Très vite, on comprend que ce ne sont pas vraiment des lunettes. Il s’agit davantage d’une armure, ou d’un ingénieux paravent, afin de dissimuler non pas ses yeux, mais plutôt ses émotions, impossibles à refouler.
Et notre échange sera effectivement émotif. Pendant pas loin de deux heures, l’homme, fin quarantaine, nous parlera de sa blonde – pardon, son ex, un mot qu’il peine à prononcer sans s’étrangler – et surtout la mère de ses enfants. Il sera beaucoup question d’eux, de la peine qu’il souhaite leur épargner, de la formulation choisie pour leur expliquer, et de cet engagement ferme à ne jamais, au grand jamais, leur parler en mal de leur autre parent.
On l’aura compris : le témoignage qui suit ne sera pas gai. Mais il sera vrai. Richard est tout juste séparé. En fait, il ne l’est pas encore officiellement. La famille ne le sait pas. Une poignée d’amis, fidèles au poste, sont au courant. Les enfants, pas encore. Richard a voulu leur épargner les Fêtes et le début de l’année. Bref, notre homme a les deux pieds dans ce chaos sans nom, ce tremblement de terre indicible, qui met fin à une histoire qu’il croyait sinon éternelle, du moins inébranlable.
Il faut dire que son château de cartes a mis du temps à s’effondrer. Pendant près de 20 ans, il y a cru dur comme fer. Certes, les dernières années ont été laborieuses, pour toutes sortes de raisons – on y viendra – mais leurs fondations semblaient si solides…
C’est au tournant de la trentaine qu’il rencontre la mère de ses enfants, appelons-la Juliette*, après une bonne dizaine d’années à papillonner, à gauche à droite, et avec des « amies modernes », comme il dit. « J’ai une libido très, très, très élevée, débute notre homme. Même encore aujourd’hui. »

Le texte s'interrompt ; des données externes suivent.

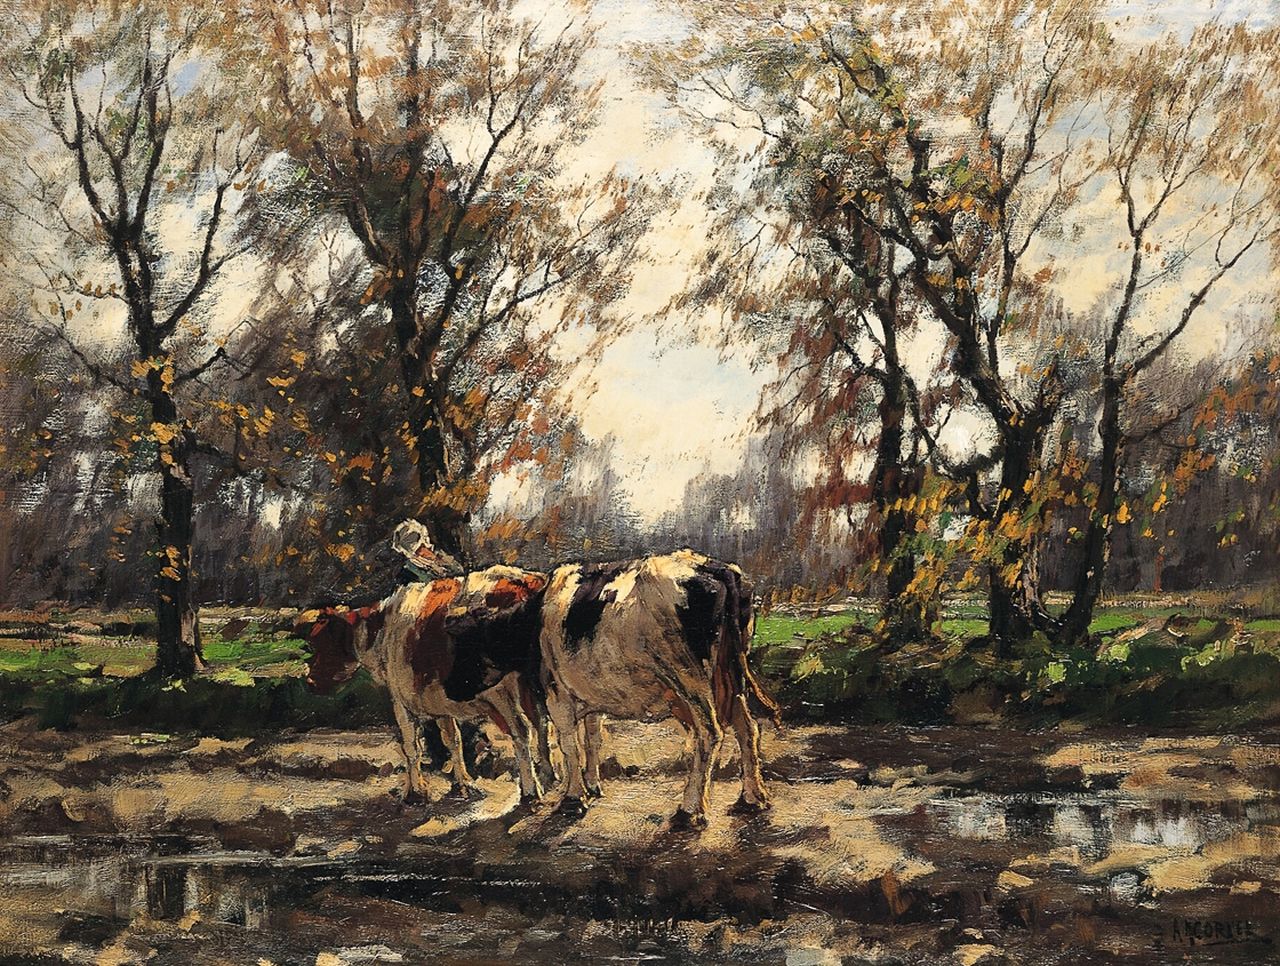 Gorter A.M.  | 'Arnold' Marc Gorter, A milkmaid with her cows after an autumn shower, Öl auf Leinwand 75,0 x 100,5 cm, signed l.r.

Si je pouvais faire l’amour cinq fois par jour, je le ferais !
Richard, fin quarantaine
Richard travaille à l’époque dans des bars, vit de nuit et multiplie les flirts et les déménagements, avant de finalement se caser, contre toute attente, en rencontrant sa Juliette. Il débarque chez elle au deuxième rendez-vous, un certain vendredi – « et je ne suis jamais reparti ! »
Il faut dire qu’il a trouvé son match : au lit, c’est « formidable », enchaîne-t-il. « Elle a une libido aussi forte que la mienne. Des journées, on faisait l’amour treize fois, huit fois, dix fois ! C’était respectueux et excitant. Aucune affaire qui sort vraiment du cadre, mais une sexualité saine. Pauvre madame qui restait à côté de l’appartement, elle a dû nous entendre souvent ! »
« Moi, ce qui m’excite, glisse-t-il, c’est l’excitation de ma conjointe ! Voir qu’elle veut quelque chose que je peux lui donner, c’est extraordinaire ! »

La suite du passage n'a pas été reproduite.